Fantezi-Gerçeklik Kargaşası Çocukların Gece Korkularını Yüceltir

Yatağın altındaki canavarlardan dolaptaki öcülere kadar çoğu çocuk gece korkuları yaşar.

Yeni araştırmalara göre çoğu çocuk kendi kendine büyürken, bazı çocuklar için yaşamın ilerleyen dönemlerinde anksiyete sorunları geliştirme riski var.

Yeni çalışmada, Tel Aviv Üniversitesi'ndeki araştırmacılar, sürekli gece korkusu olan okul öncesi çocukların, akranlarına kıyasla gerçekliği fanteziden çok daha az ayırt edebildiklerini keşfettiler.

Araştırmacılar, fantezi-gerçeklik karmaşasının gece korkuları üzerinde güçlü bir etkiye sahip olduğu hipotezlerini test etmek için, 4 ila 6 yaş arasındaki çocukları değerlendirdiler. Gruptan 80'i şiddetli gece korkuları ve 32'si daha normal gelişimle teşhis edildi.

Çocuklar, ebeveyn raporlarına ve standart bir görüşmeye dayalı olarak gerçekleri kurgudan ayırma yetenekleri açısından değerlendirildi. Örneğin, araştırmacılar çocuklara bir peri karakterini sunduktan sonra perinin kurgusal olup olmadığını belirlemek için bir dizi soru sordular, periyi telefonla arayabilecekler mi yoksa peri onları evde ziyaret edip edemeyecekler mi? .

Araştırmacılara göre, daha yoğun gece korkuları olan çocuklar gerçekliği fanteziden önemli ölçüde daha az ayırt edebildiler. Araştırmacılar, daha küçük çocukların da bu değerlendirmelerde daha düşük puan aldığını ve bu sonuç, çocukların gelişim aşamasına atfedilebileceğini açıkladı ve puan ne kadar düşükse, çocuğun gece korkularının o kadar şiddetli olduğuna dikkat çekti.

Tel Aviv Üniversitesi Psikolojik Bilimler Fakültesi'nden Avi Sadeh'e göre, gece korkularına neden olan fantezi-gerçeklik karmaşası, çocukların hayal güçlerine dokunarak bu korkuların üstesinden gelmelerine yardımcı olmak için de kullanılabilir.

"Çocuklara, onlara diş perisi hakkında hikayeler anlatırken canavarların gerçek olmadığını söyleyerek karışık sinyaller gönderiyoruz" dedi.

Bir çocuğa korkusunun gerçekçi olmadığını basitçe söylemek sorunu çözmez, diye ekledi.

Bunun yerine, bir tedavi aracı olarak çocuğun güçlü hayal gücünü kullanmayı tavsiye ediyor. Örneğin, ebeveynler çocuklarının hayali bir canavarı tehdit edici olmayan bir varlık olarak görmelerine yardımcı olabilir, belki de bir arkadaşlık teklifini uzatmak için bir mektup yazarak veya çocuğa tehditkar bir figürün arkadaşça göründüğü bir kitap okuyarak.

Sadeh'in oldukça etkili bulduğu bir tedavi, "kucaklayan köpek yavrusu" adlı bir oyuncaktır. Bu terapide, çocuklara doldurulmuş bir köpek sunulur ve bir zamanlar mutlu olan yavrunun artık üzgün olduğu söylenir.
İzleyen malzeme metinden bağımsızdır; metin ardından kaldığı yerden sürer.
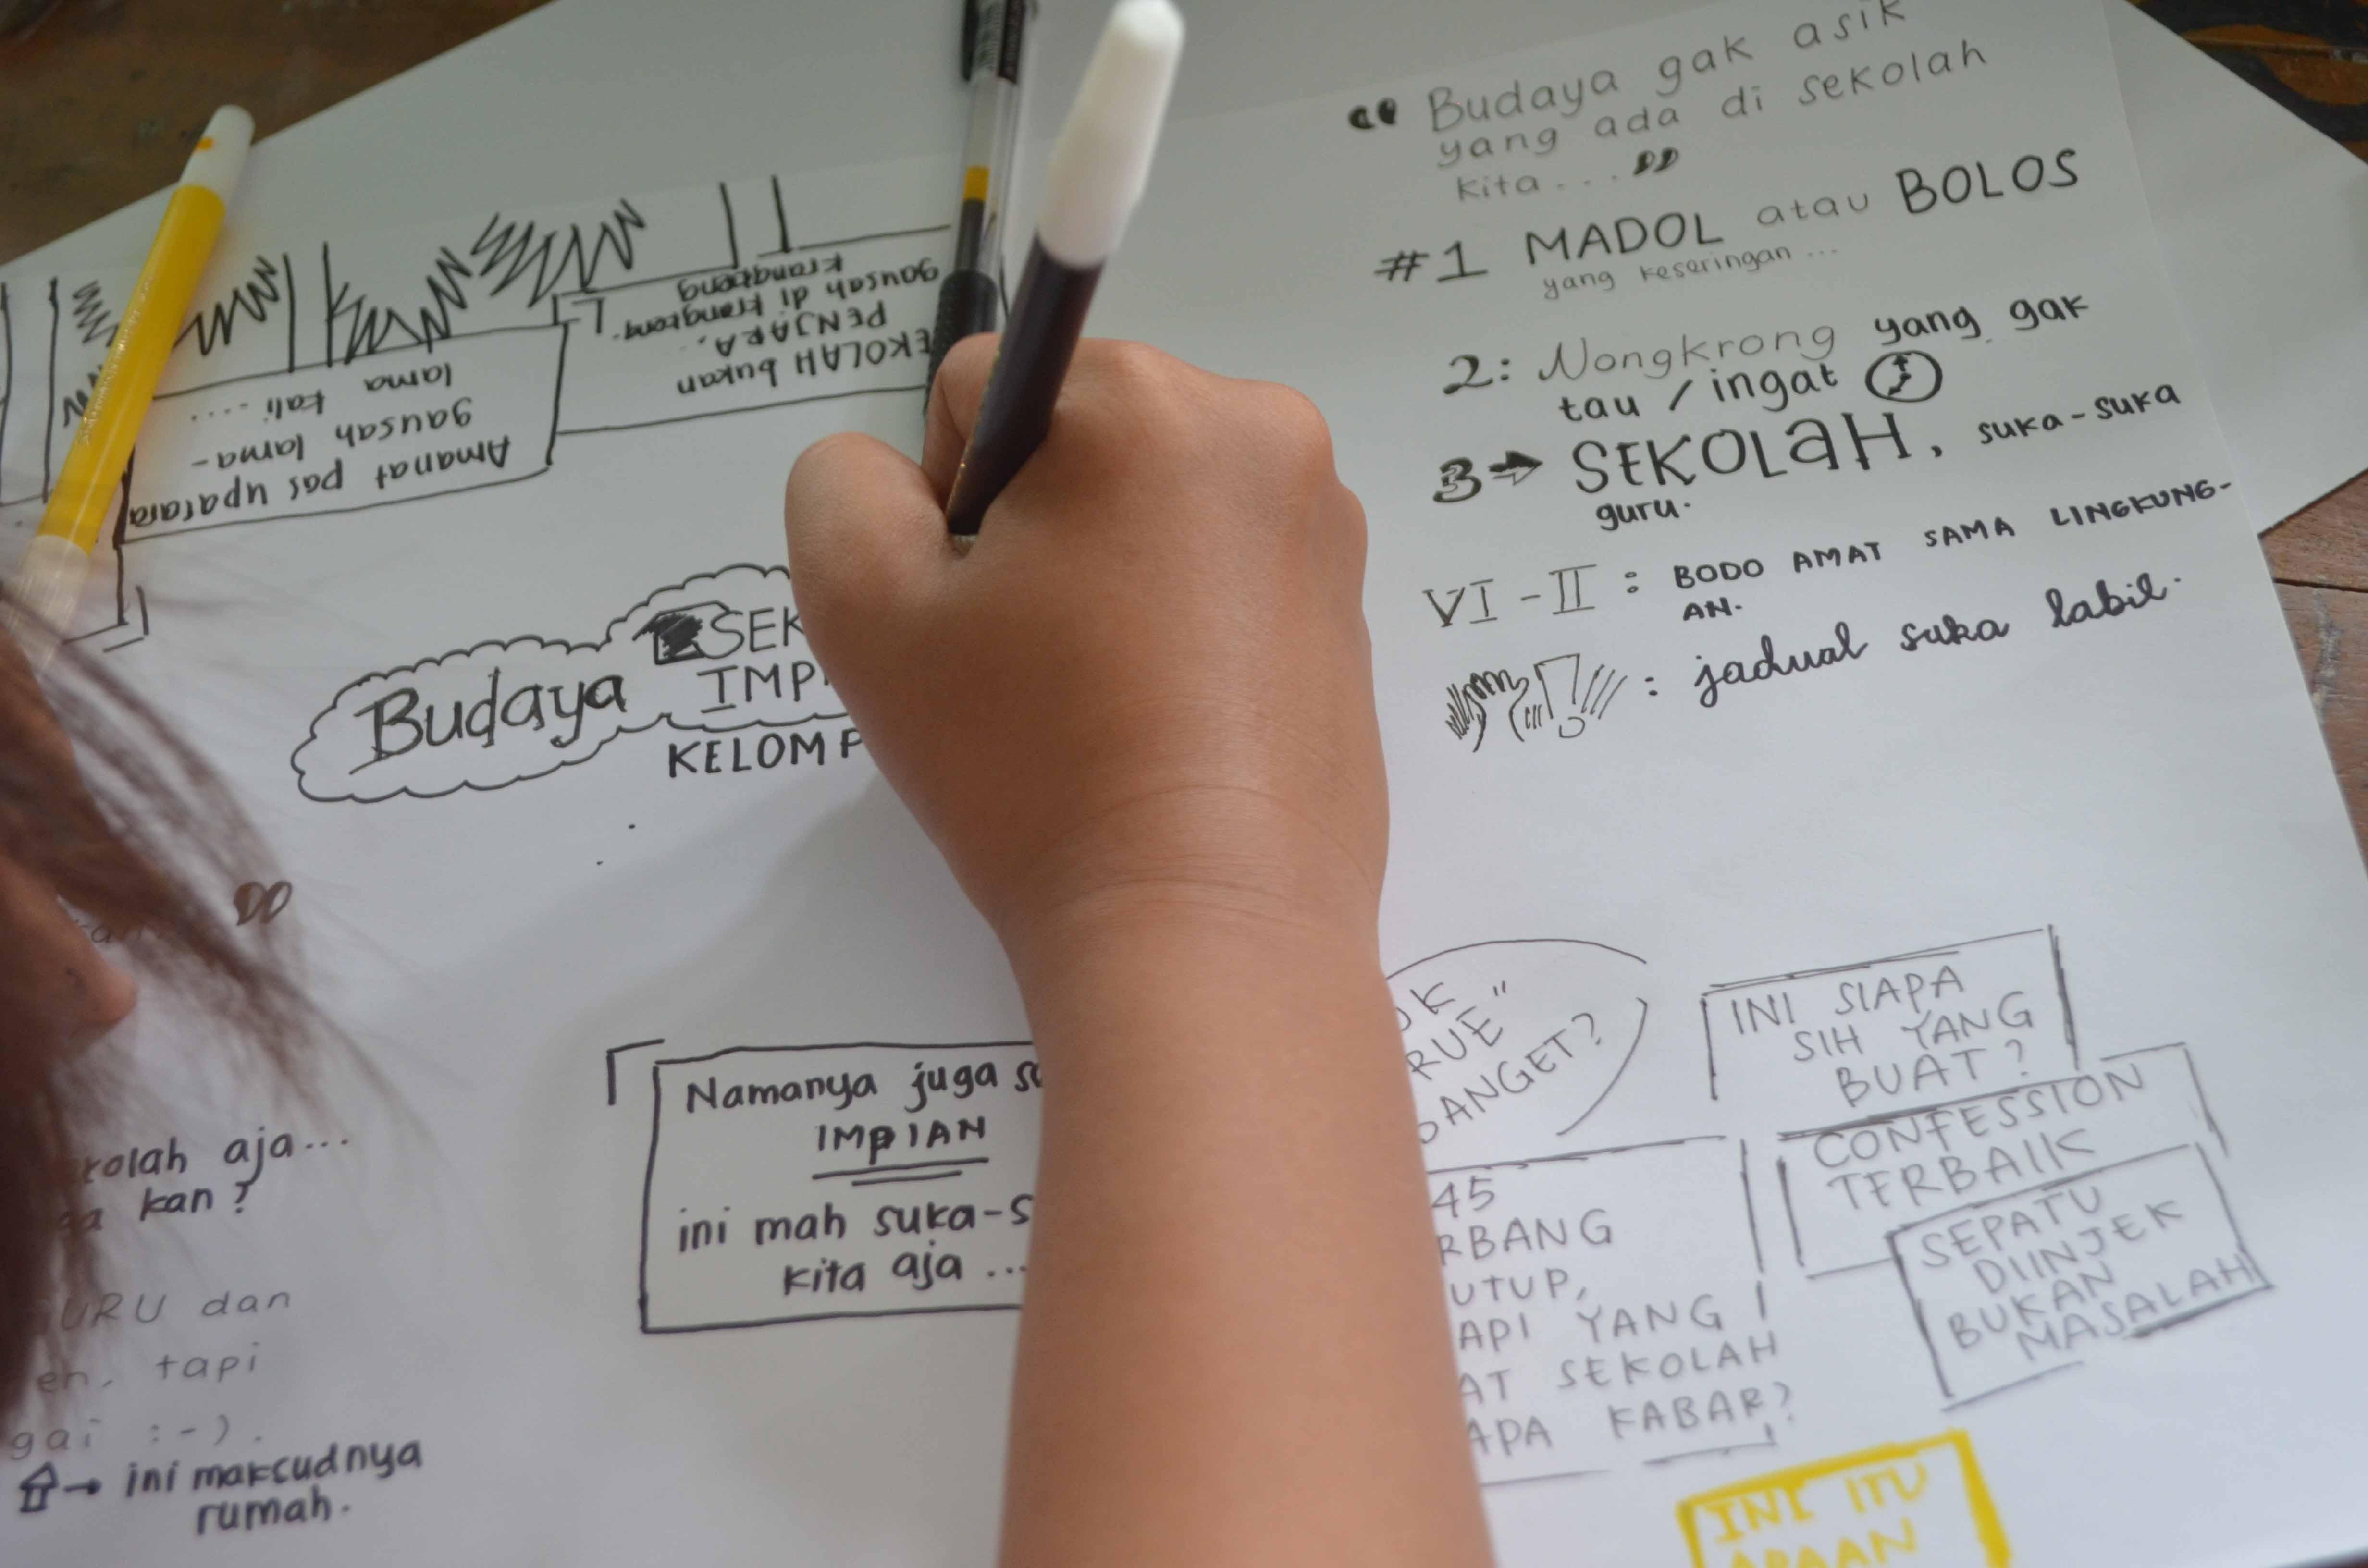 Sekolah Idaman_SMAN 7 Tangerang Selatan

Yavru köpeğin arkadaşı olma, ona bakma ve geceleri korkmamasını sağlama sorumluluğu onlara verilir.

Bu müdahale, çocuğun yavru köpeğin hikayesine inanma ve yeni şefkatli rolünü benimseme konusundaki istekliliğine bağlı olduğu için, daha güçlü hayal gücüne sahip çocuklar için en iyi sonucu verdiğini söyledi.

Çalışma yayınlandı Çocuk Psikiyatrisi ve İnsan Gelişimi.